A ce stade,  on trouve des leviers qui sont à la fois incitatifs mais parfois encore difficiles  à mettre en oeuvre ou élitistes.

  • La réglementation thermique 2012 qui a introduit le bioclimatisme, la prise en compte des énergies renouvelables et 3 obligations de résultat (la  limitation de la consommation d’énergie primaire, l’optimisation da la conception du bâti, l’assurance du confort en été).
  • La performance énergétique, avec son affichage DPE qui dresse une classification des biens immobiliers en fonction de la valeur de référence afin que les consommateurs puissent comparer et évaluer la performance énergétique. Cet affichage combiné à des mesures incitatives tel que le PTZ+ sont censés avoir un effet déterminant dans l’acte d’achat.
  • Les aides financières incitatives : le CIDD (crédit d’impôt développement durable), les éco-prêts.
  • La volonté des particuliers à investir dans un logement vert qui pour le moment n’est pas encore très forte compte-tenu d’un manque de visibilité des performances, d’un surcoût à l’achat ou à la construction, et d’un retour sur investissement encore parfois trop long.
  • Le rôle des collectivités : elles sont motrices dans la construction d’ouvrages « verts » au travers des PLU qui imposent la  gestion des eaux pluviales, de l’accessibilité, du stationnement, des déchets et de l’implantation d’installation de production d’EnR. Les PADD (plan d’aménagement et de développement durable) font apparaître les questions de préservation des ressources naturelles.
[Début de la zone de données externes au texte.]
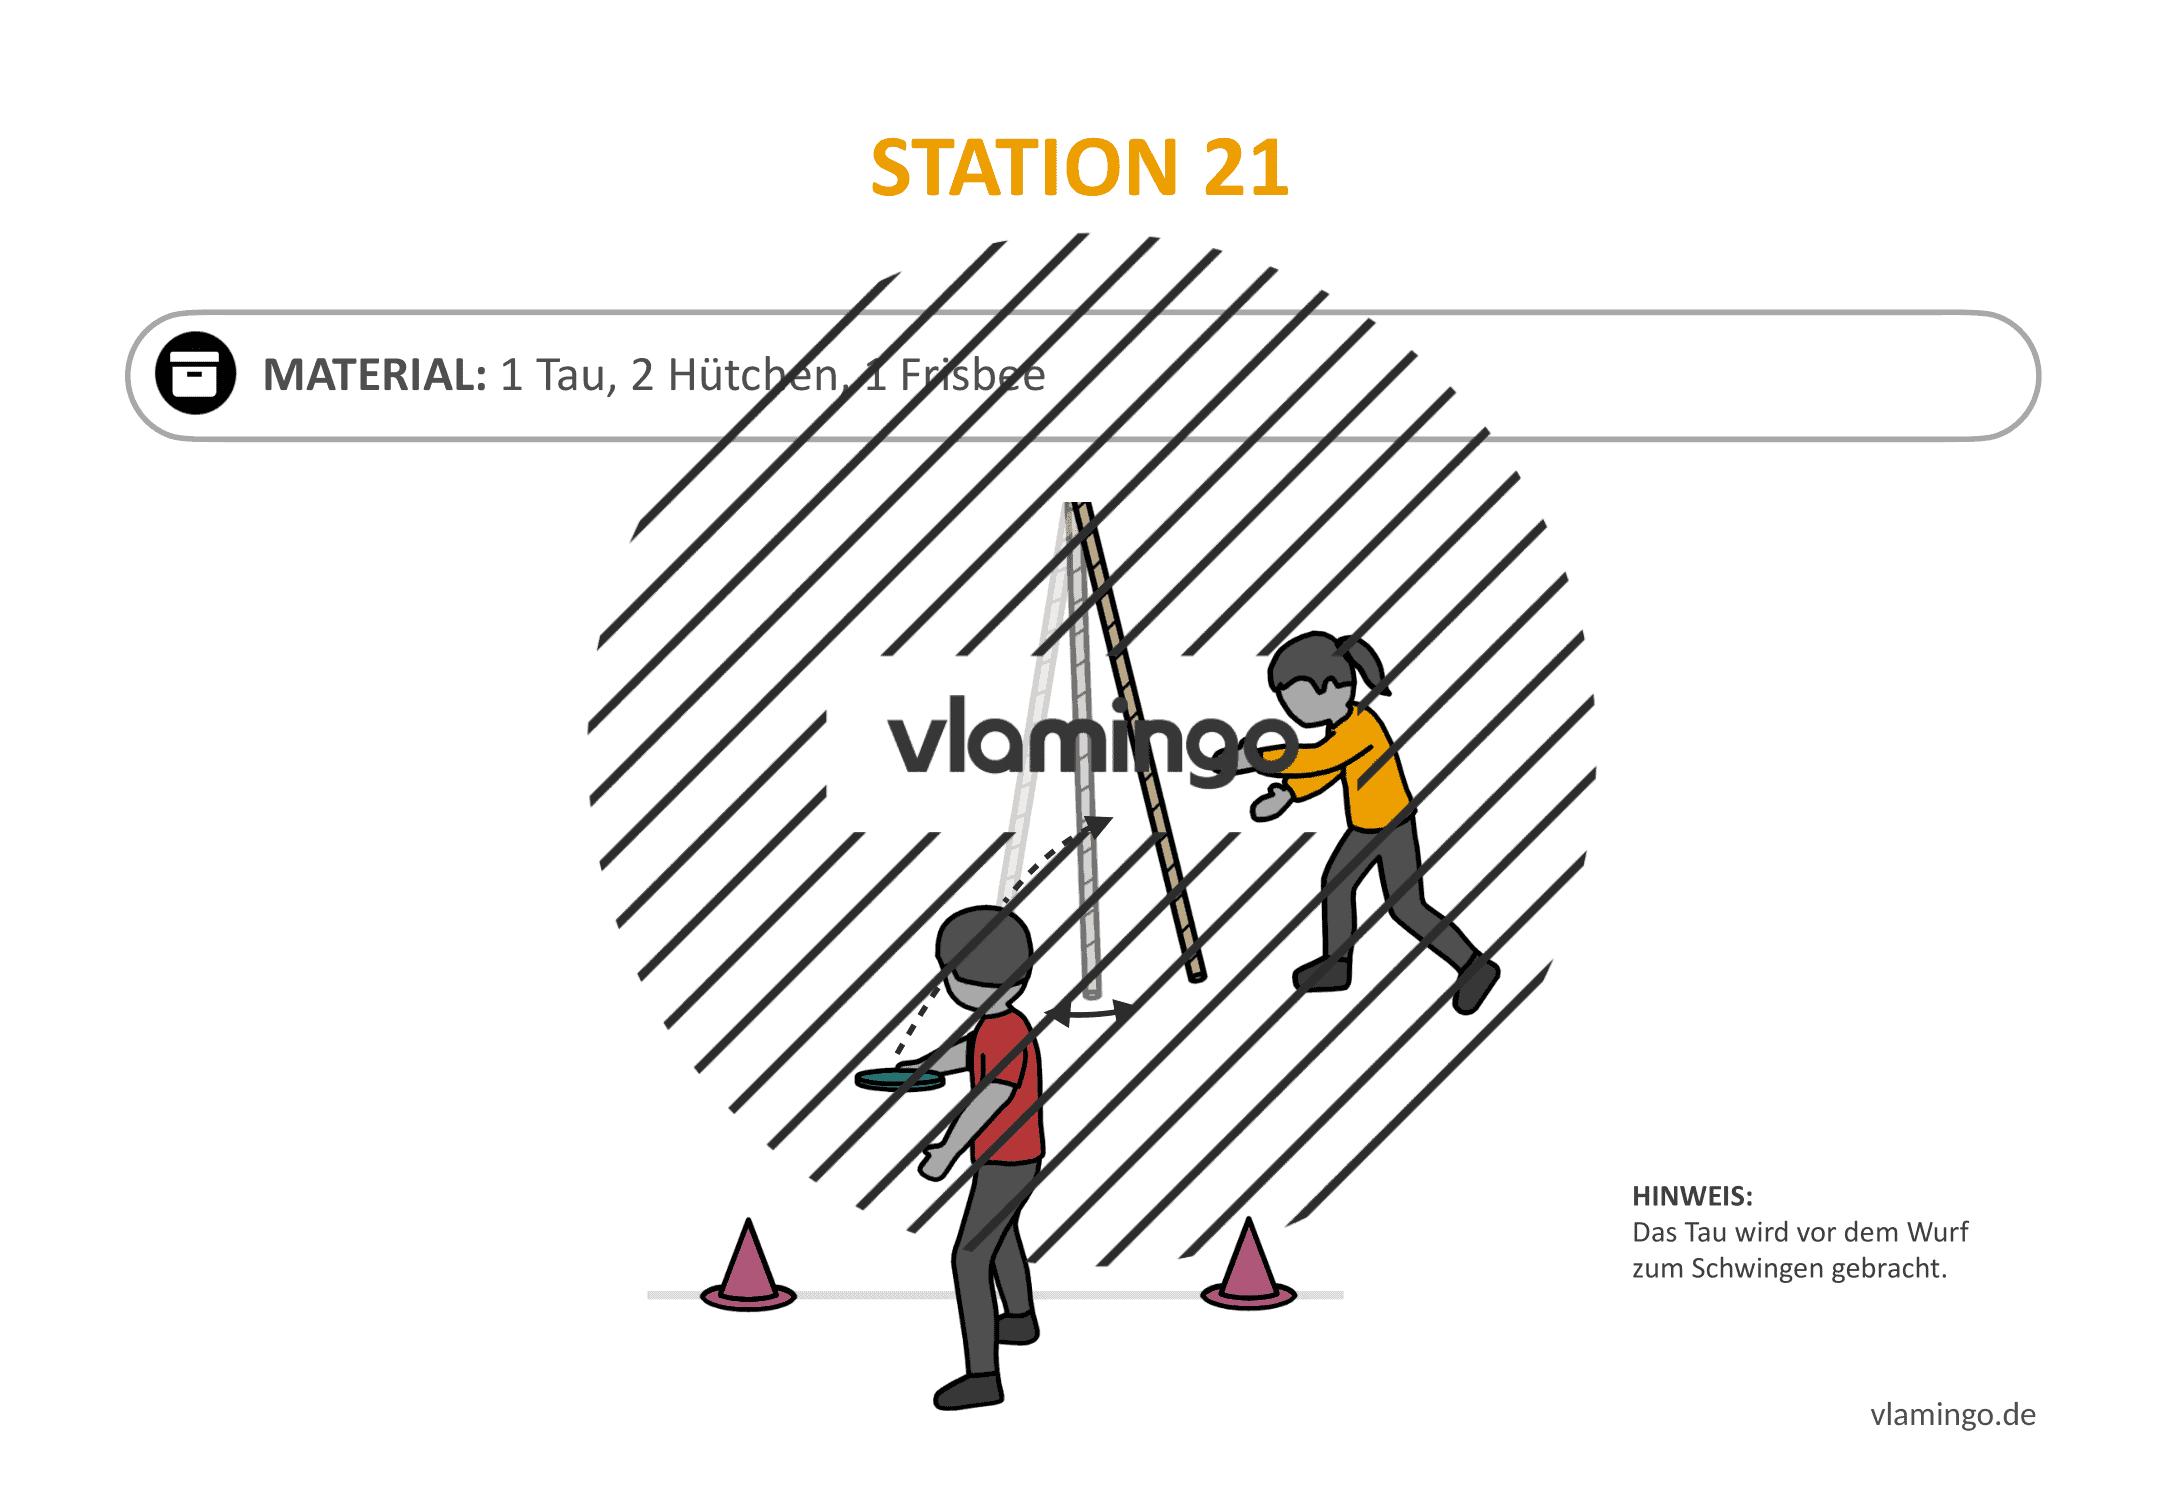 Frisbeegolf (Disc-Golf) - Station 21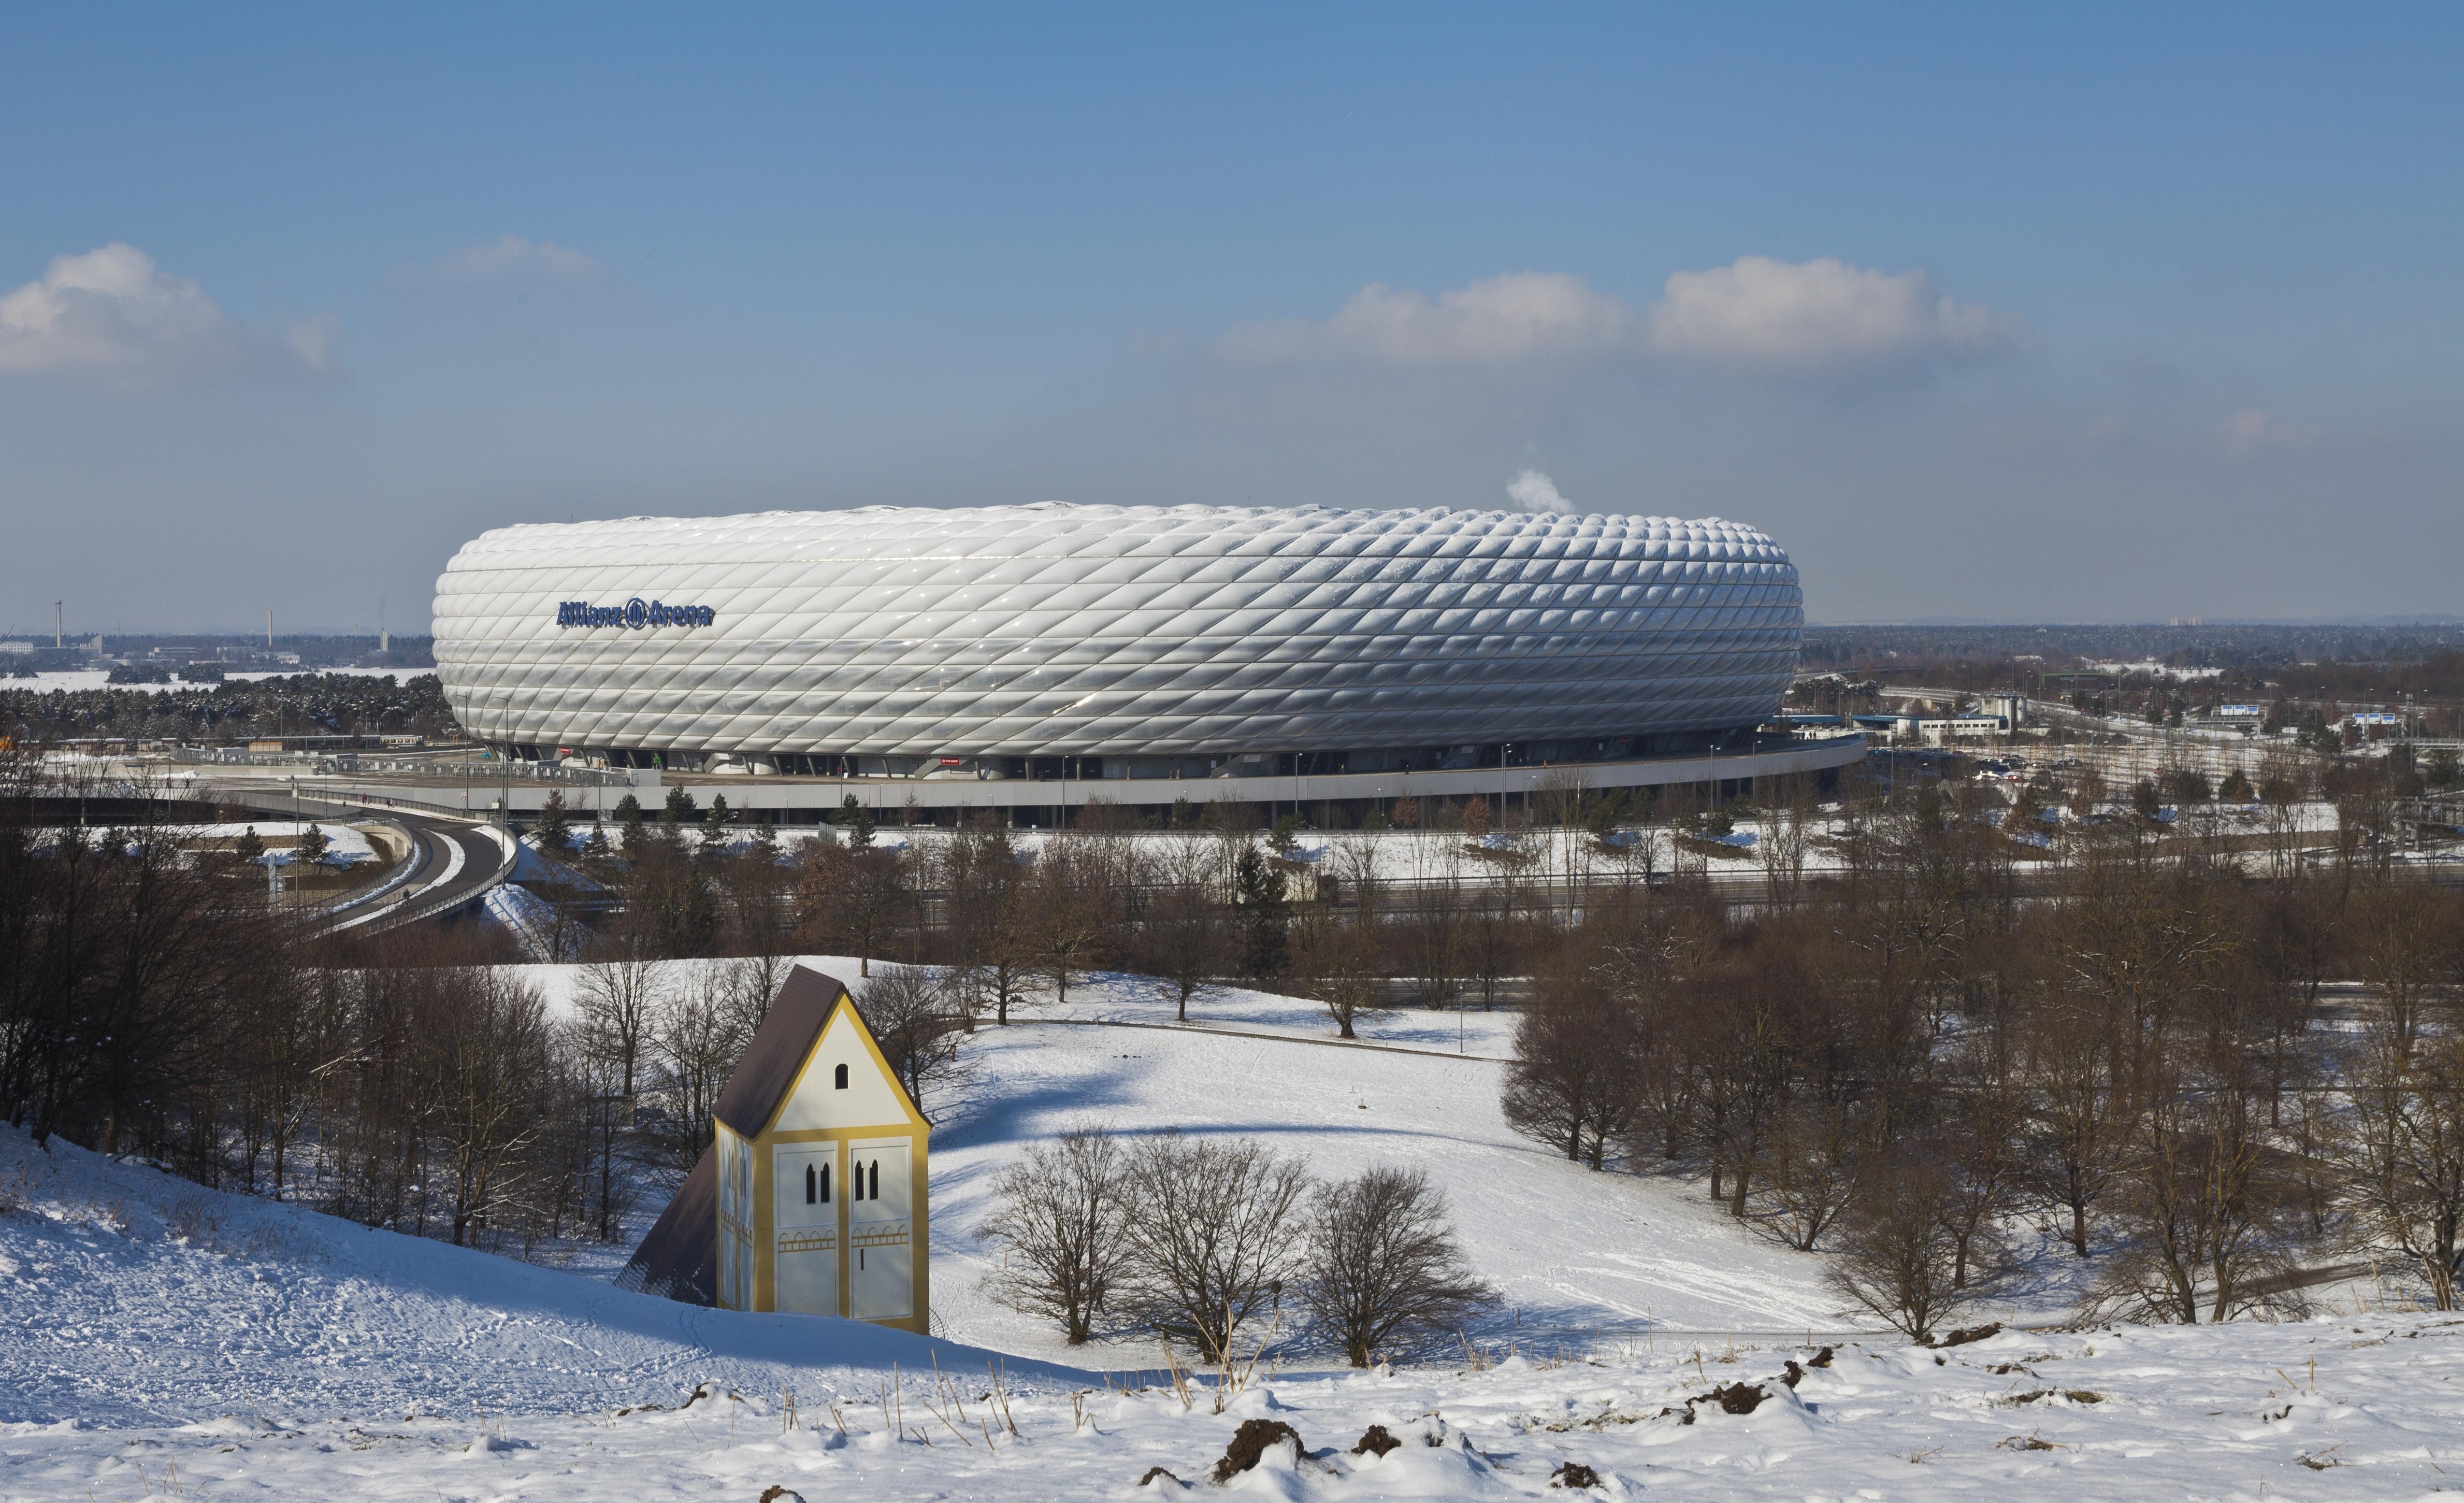 EFTE Allianz Arena

Les règlements de ZAC du type de celui de la Courouze à Rennes qui a inscrit les questions d’énergie, d’eau et de déchets dans son programme.

Quelle valorisation sur le marché avec quelles obligations de résultat ?

Un bien actuellement est valorisé suite à une observation du marché qui correspond encore de près ou de loin au jeu de l’offre et de la demande, mais demain la valorisation d’un bien immobilier devrait être l’addition de plusieurs valeurs, à savoir :

  • La valeur de situation qui intègre le foncier et la proximité de services
  • La valeur de construction qui intègre la qualité et la performance des équipements techniques, la durabilité de la construction, le choix des matériaux, la performance énergétique.
  • la valeur de capitalisation du bien composée de sa compétitivité, son attractivité, le coût de l’énergie nécessaire à son fonctionnement, les charges du bâtiment, l’image « durable » de l'immeuble, la durée de vie de l’ouvrage, la conformité aux réglementations, l’état de l’utilisation du bien.

Pour former au final  La valeur « marché »

Ainsi  le risque d’obsolescence d’une construction  vis-à-vis du marché et des réglementations va augmenter et  les certifications vont amener la construction à des obligations de résultats de plus en plus poussées.